Although the above embodiment uses a method of performing prediction using a simple mean of the values of two Gaussian processes, a weighted mean or a method of performing prediction using a more complicated function may be used.
Note that the method explained in [2-2. Interposed Gaussian Regression] described above may be used for the prediction of the output variable. In this case, the prediction unit 22 predicts the value of the output variable y* for the unknown input. variable x* according to the predictive distribution that represents the posterior probability of the output variable for the unknown input variable x* given the value of the output variable of each of the first input/output data and the value conditioned by the interval value of each of the second input/output data. This predictive distribution is represented using the posterior probability of the latent interval value for the unknown input variable x* given the value of the output variable of each of the first input/output data and the interval value of each of the second input/output data, and the posterior probability of the value of the output variable y* for the unknown input variable x* given the posterior probability of the latent interval value for the unknown input variable x* based on the kernel function for the upper limit of the interval value that represents similarity between input variables of the second input/output data, and the kernel function for the lower limit of the interval value that represents similarity between input variables of the second input/output data. This predictive distribution is derived using Expression (7) described above as an example.
Further, the method explained in [2-1. Interposed Linear Regression] described above may be used. In this case, the prediction unit 22 predicts the value of the output variable y* for the unknown input variable x* based on the unknown input variable and the data D using linear regression. Specifically, the prediction unit 22 predicts the value of the output variable y* for the unknown input variable x* according to the predictive distribution representing the posterior probability of the output variable for the unknown input variable x*. This predictive distribution is represented by a normal distribution that is represented based on a linear regression parameter (parameter w_u) that represents relationship between the input variable and the upper limit of the interval value of the output variable, a linear regression parameter (parameter w_l) that represents relationship between the input variable and the lower limit of the interval value of the output variable, a weight parameter (parameter α) for each of the upper limit and the lower limit of the interval value, and a variance parameter (parameter β), which are estimated based on the first input/output data and the second input/output data, using a mean that is determined from a mean calculated from the unknown input variable x* using the linear regression parameter that represents relationship with the upper limit of the interval value, a mean calculated from the unknown input variable x* using the linear regression parameter that represents relationship with the lower limit of the interval value, and the weight parameter, and a variance that is represented using the weight parameter and the variance parameter. This predictive distribution is derived using Expression (6a) and Expression (6b) described above as an example.
The data analysis devices have been illustrated and described above as embodiments. The embodiments may be in the form of a program for causing a computer to function as each unit provided in the data analysis devices. The embodiments may be in the form of a computer-readable storage medium that stores this program.
In addition, the configurations of the data analysis devices described in the above embodiments are an example, and may be changed depending on the situation within a range not deviating from the spirit.
Further, the processing flows of the programs described in the above embodiments are also an example, and unnecessary steps may be deleted, new steps may be added, or the processing orders may be changed within a range not deviating from the spirit.
Further, the above embodiments have described the case where the programs are executed to implement the processes according to the embodiments by a software configuration using a computer, but they are not limited to this.
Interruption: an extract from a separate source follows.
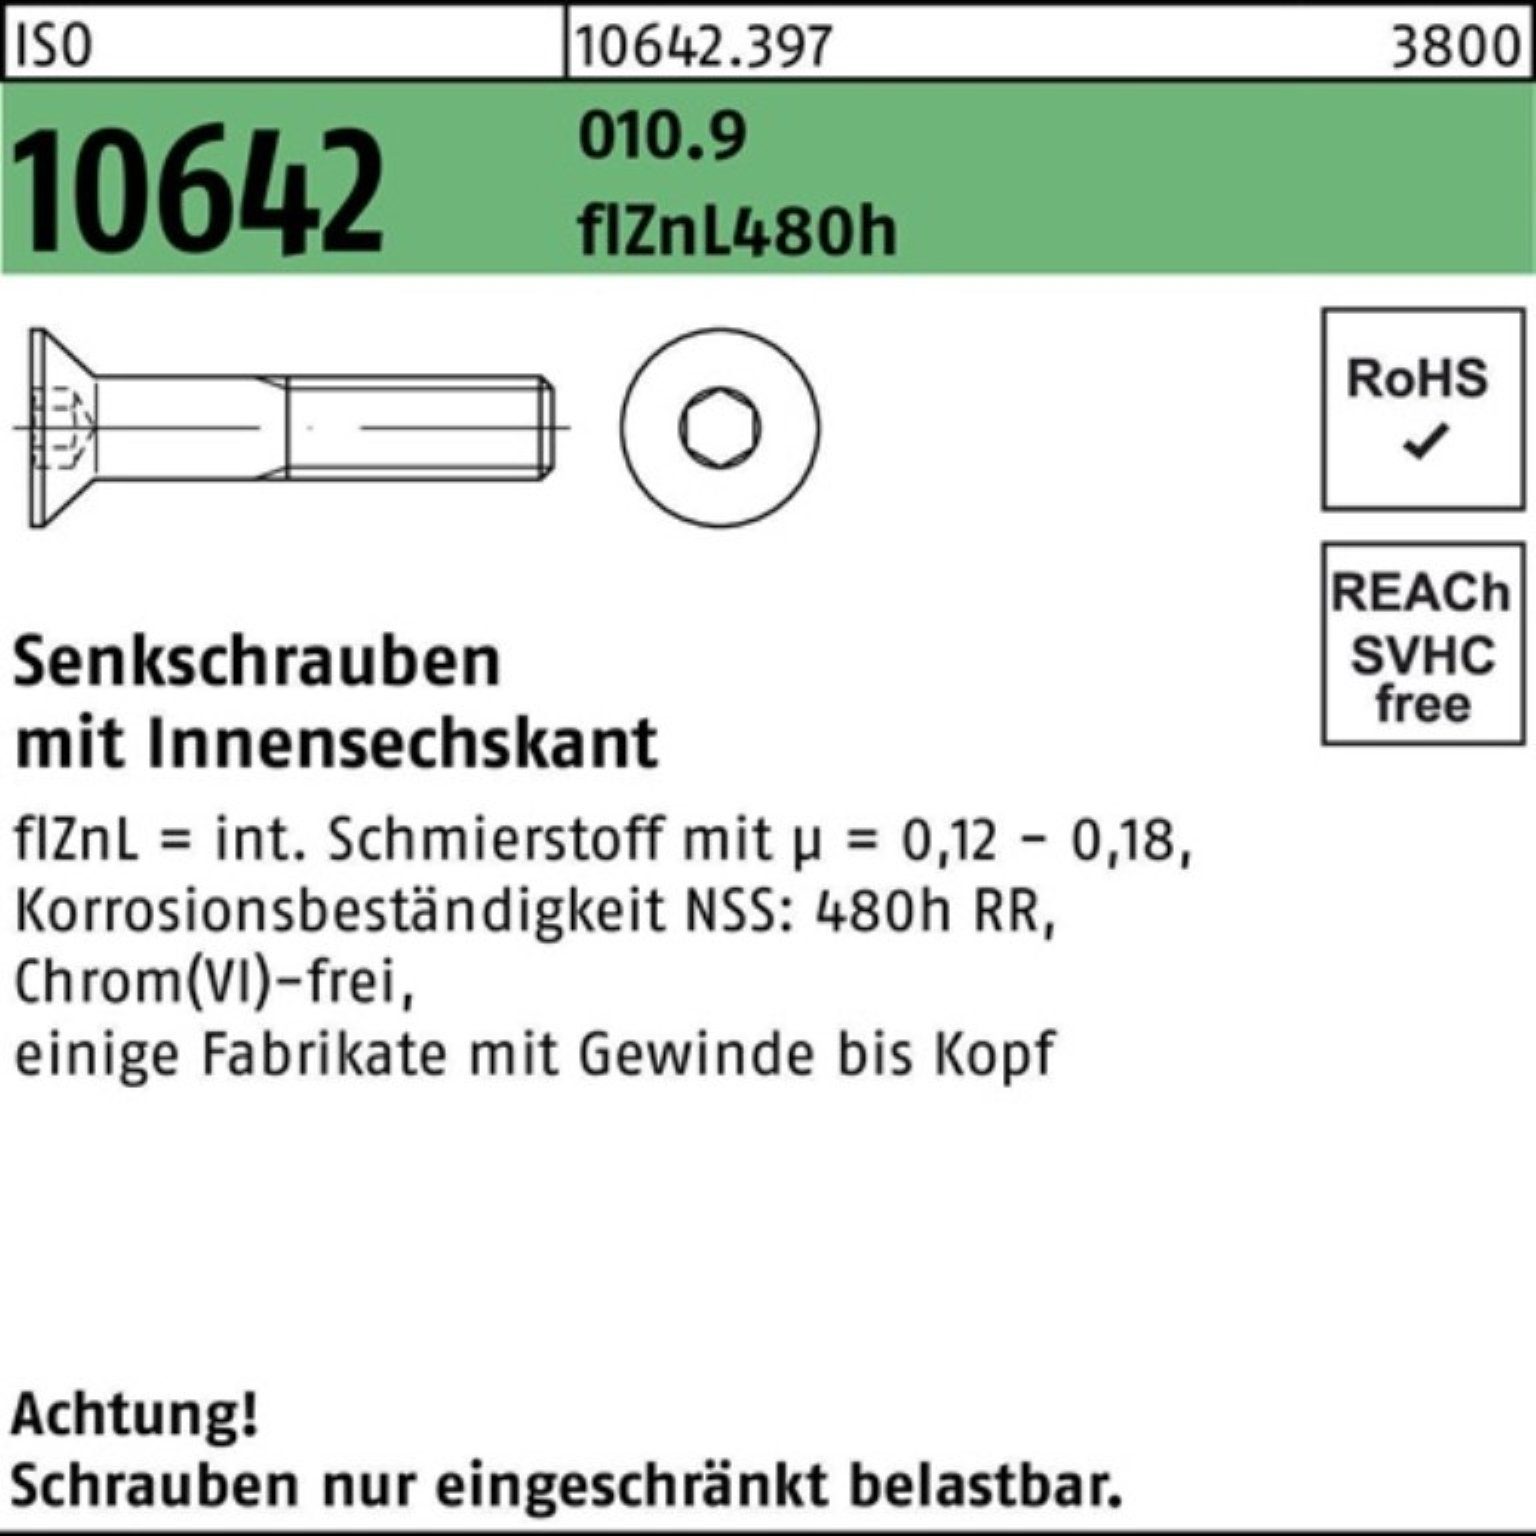 Innen-6kt 100er M12x70 Reyher 10642 Pack 480h zi Senkschraube Senkschraube ISO 010.9 flZnL
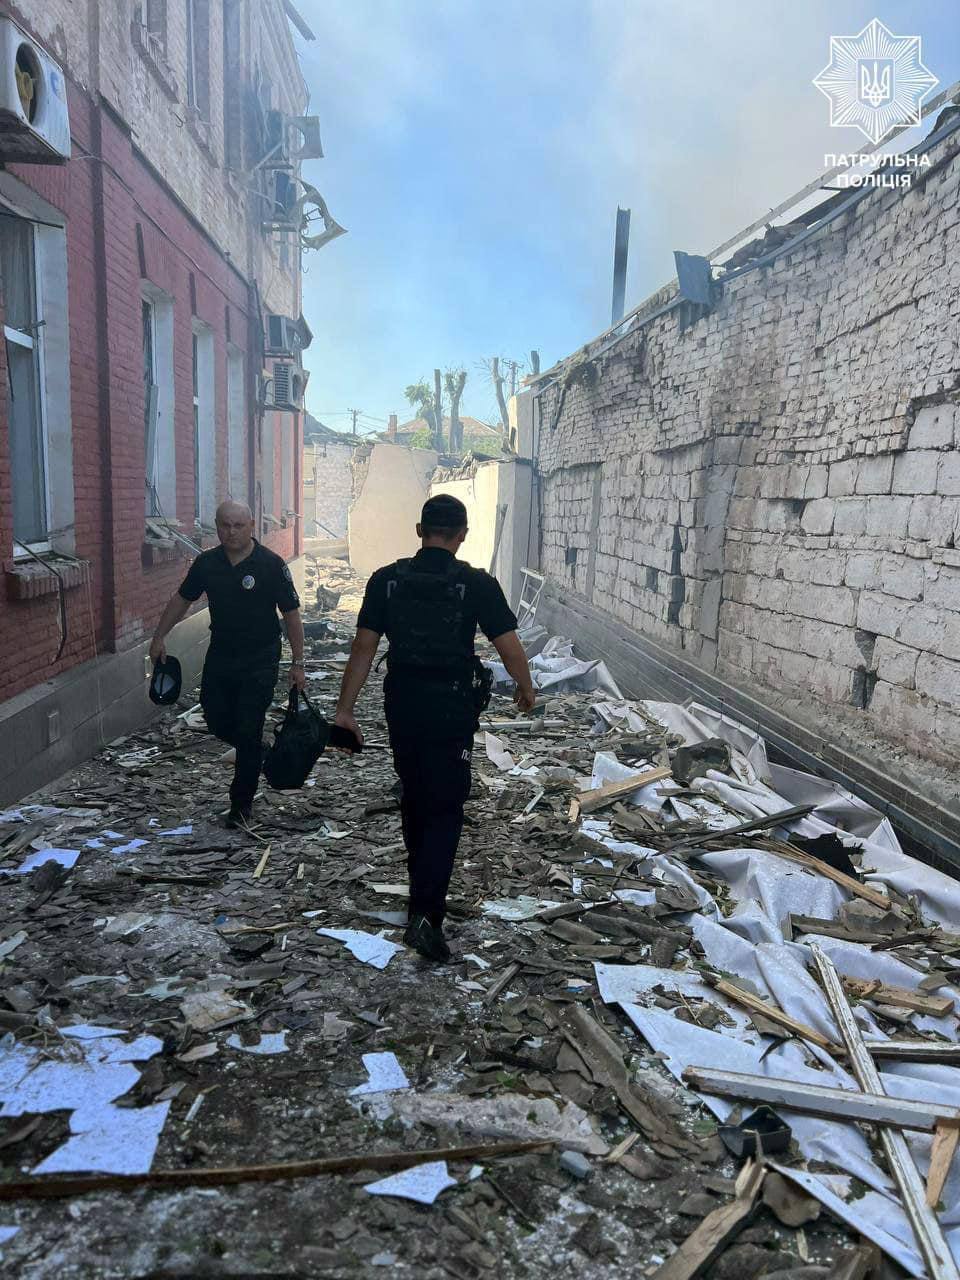 W Krywym Rogu doszło do eksplozji, trwa ucieczka do budynku administracyjnego policji: jedna osoba zginęła, 59 zostało rannych. Zdjęcie

The embodiments may be implemented by, for example, a hardware configuration or a combination of a hardware configuration and a software configuration.

REFERENCE SIGNS LIST

10A, 10B Data analysis device
12 Data processing unit
14 Latent variable estimation unit
16, 22 Prediction unit
18, 24 Recording unit
20, 26 Input/output unit
30 External device

Claims

1. A data analysis device comprising:

a data processing unit that performs a process of acquiring data represented by a set of a plurality of first input/output data in which a value of an output variable is given and a plurality of second input/output data in which a value of an output variable is given as an interval value representing a range; and

a prediction unit that, based on an input variable for which a value of an output variable is unknown and the data, predicts a value of an output variable for the unknown input variable using a Gaussian process.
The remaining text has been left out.